Der SLA 3D-Druck bietet hier eine technisch hochwertige Alternative. Stereolithografie (SLA) arbeitet mit flüssigem Photopolymerharz, das schichtweise durch UV-Licht ausgehärtet wird. Die Schichtstärken liegen typischerweise zwischen 25 und 100 µm – damit erreichen SLA-Bauteile Oberflächengüten und Detailauflösungen, die dem Spritzguss nahekommen. Bei Braint3D fertigen wir präzise Ersatzteile mit hoher Maßhaltigkeit und exzellenter Oberflächenqualität. Dabei steht nicht nur der Druck im Fokus, sondern die konstruktive Analyse und Optimierung des Bauteils – denn ein gutes Ersatzteil beginnt nicht beim Drucker, sondern beim Verständnis der Einbausituation.
SLA und FDM (Fused Deposition Modeling) sind beide additive Verfahren, unterscheiden sich aber grundlegend in ihren Stärken. Beim FDM-Verfahren wird ein thermoplastischer Kunststoff durch eine heiße Düse extrudiert und schichtweise aufgetragen. Die Schichtlinien bleiben sichtbar, typische Schichtstärken liegen bei 100 bis 300 µm. FDM eignet sich hervorragend für strukturelle Bauteile, größere Gehäuse und mechanisch belastete Teile – besonders mit Materialien wie PETG, ABS oder PA (Nylon).
SLA basiert auf einem völlig anderen Prinzip: Ein UV-Laser härtet flüssiges Photopolymerharz punktgenau aus. Die daraus resultierenden Bauteile zeichnen sich durch glatte Oberflächen, scharfe Kanten und feine Detailauflösungen aus. Der entscheidende Vorteil gegenüber FDM zeigt sich bei:
Die Verfahrenswahl ist keine Frage von „besser oder schlechter“, sondern eine Frage der Anforderung. FDM punktet bei Festigkeit, Größe und Materialvielfalt. SLA punktet bei Präzision, Oberfläche und Detailtreue. Für Ersatzteile im Maschinenbau, bei denen es auf Passgenauigkeit ankommt, ist SLA häufig die bessere Wahl.
Moderne Engineering Resins sind weit mehr als einfache Modellharze für Anschauungsmuster. Die Materialentwicklung der letzten Jahre hat Photopolymere hervorgebracht, die gezielt für mechanische, thermische und chemische Belastungen ausgelegt sind. Je nach Einsatzbedingung kommen unterschiedliche Materialklassen in Frage:
Schlagzähe Resins eignen sich für mechanisch belastete Bauteile, die Stoßbelastungen ausgesetzt sind – etwa Halterungen, Clips oder Schutzabdeckungen. Typische Bruchdehnungen liegen bei 40–60 %, was deutlich über Standard-Resins liegt und dem Verhalten von ABS oder PP ähnelt.

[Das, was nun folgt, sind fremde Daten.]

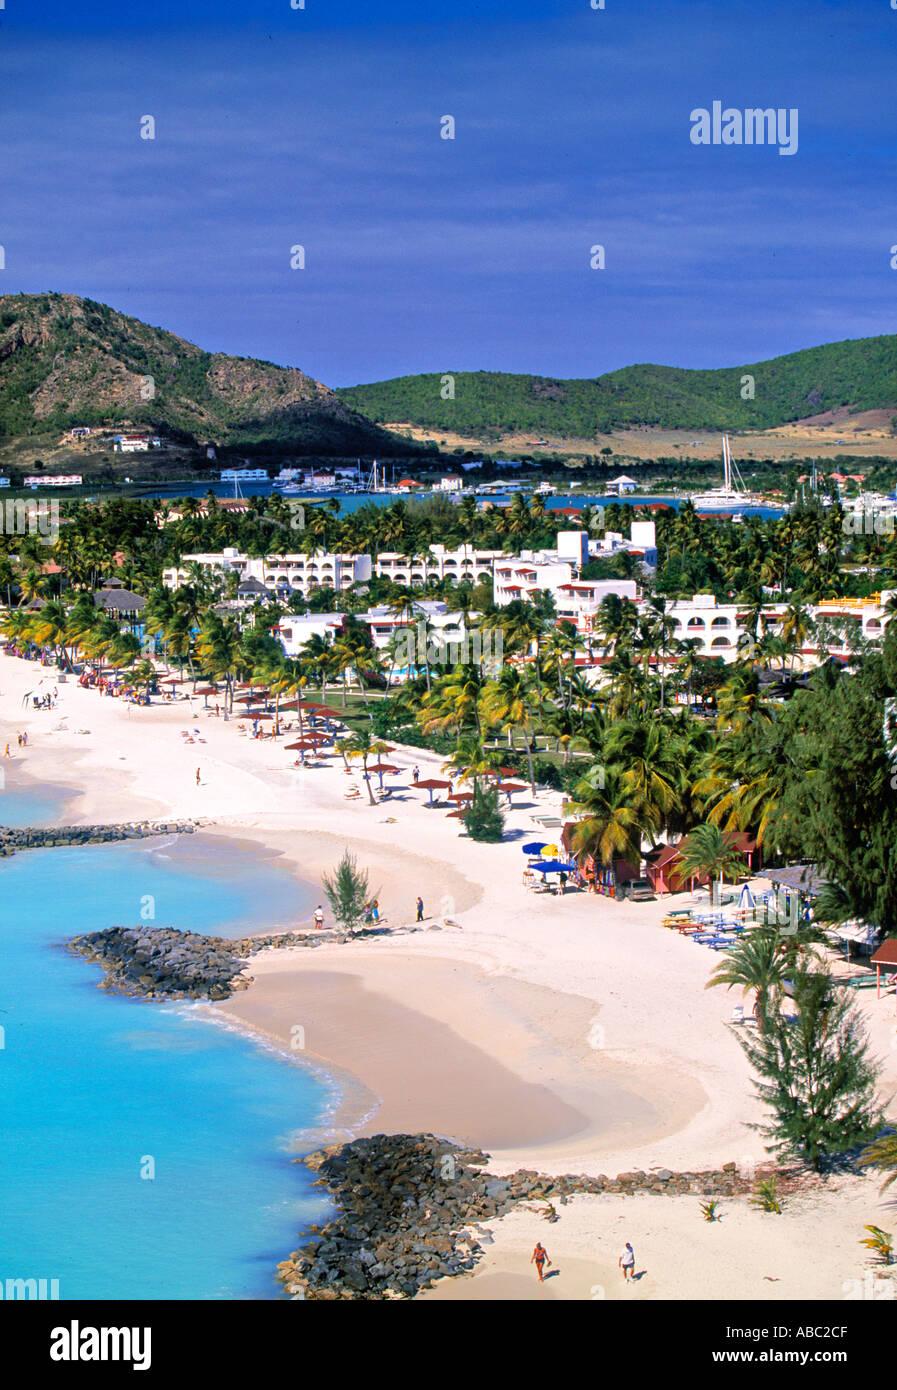 Jolly Harbour, Antigua, Caribbean - Stock Image
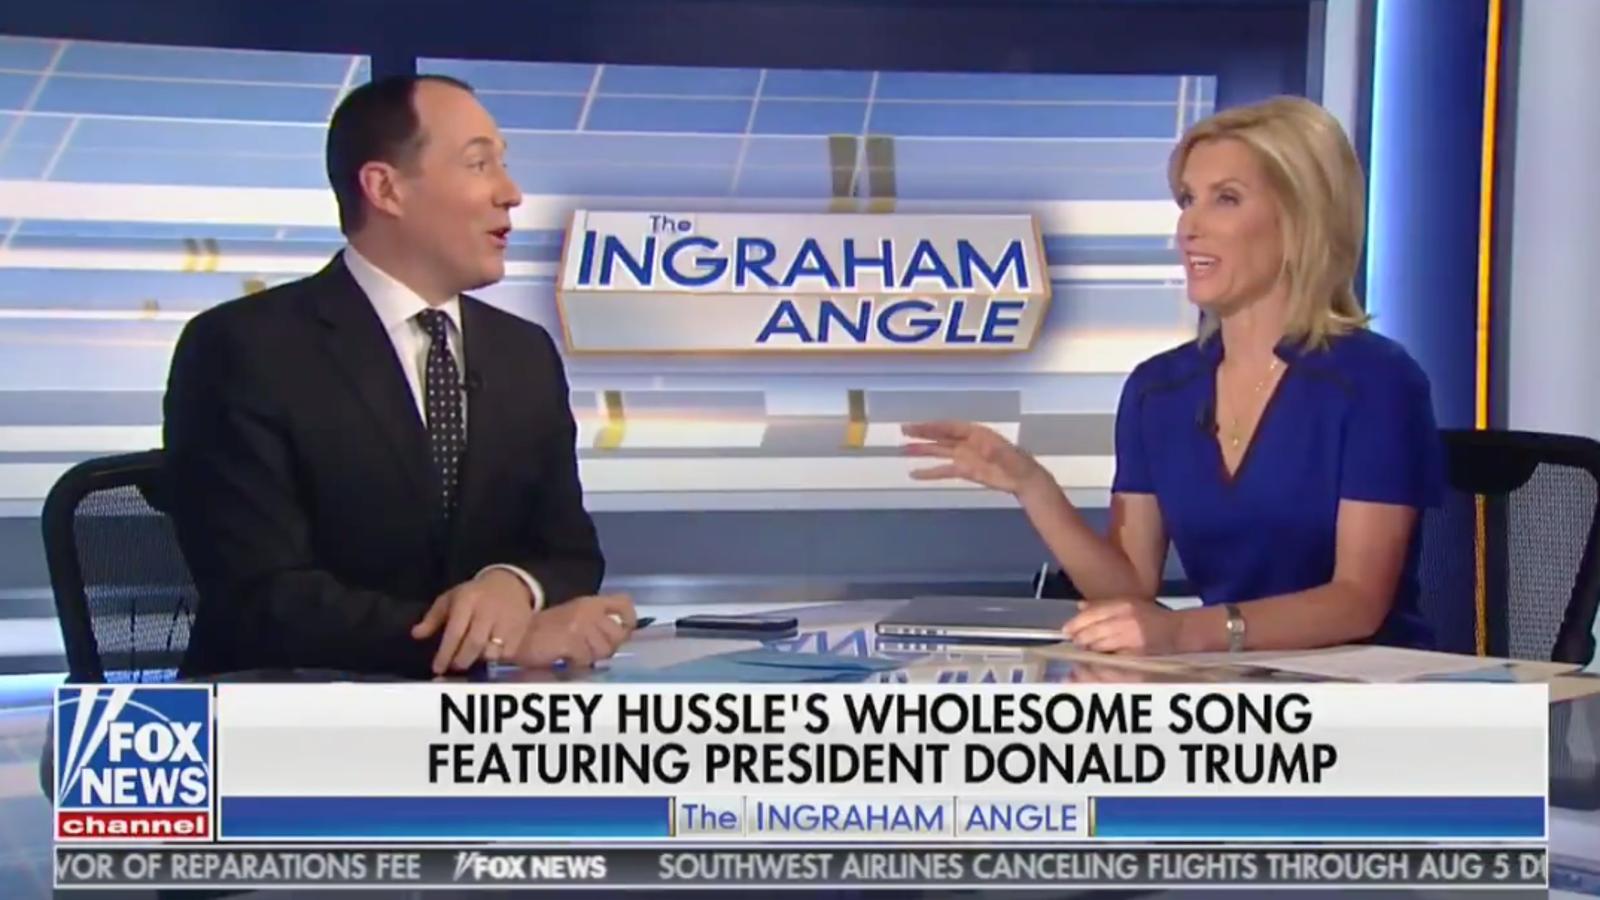 Fox News Host Laura Ingraham Jokes, Laughs During Nipsey

Temperaturbeständige Resins behalten ihre Formstabilität bei Dauertemperaturen von 80 bis 120 °C – manche Spezialsorten erreichen Warmfestigkeiten (HDT) von über 200 °C. Das eröffnet Einsatzmöglichkeiten in der Nähe von Motoren, in Schaltschränken oder als Halterungen für wärmeexponierte Komponenten.
Steife Hochmodul-Materialien bieten Zugmoduln im Bereich von 3.000 bis 4.500 MPa und eignen sich für präzise Führungselemente, Positionierhülsen oder dünnwandige Gehäuse, die unter Last nicht nachgeben dürfen.
Chemikalienbeständige Varianten widerstehen aggressiven Medien wie Ölen, Hydraulikflüssigkeiten oder Reinigungsmitteln – relevant für Komponenten in industriellen Umgebungen, die regelmäßig mit Betriebsstoffen in Kontakt kommen.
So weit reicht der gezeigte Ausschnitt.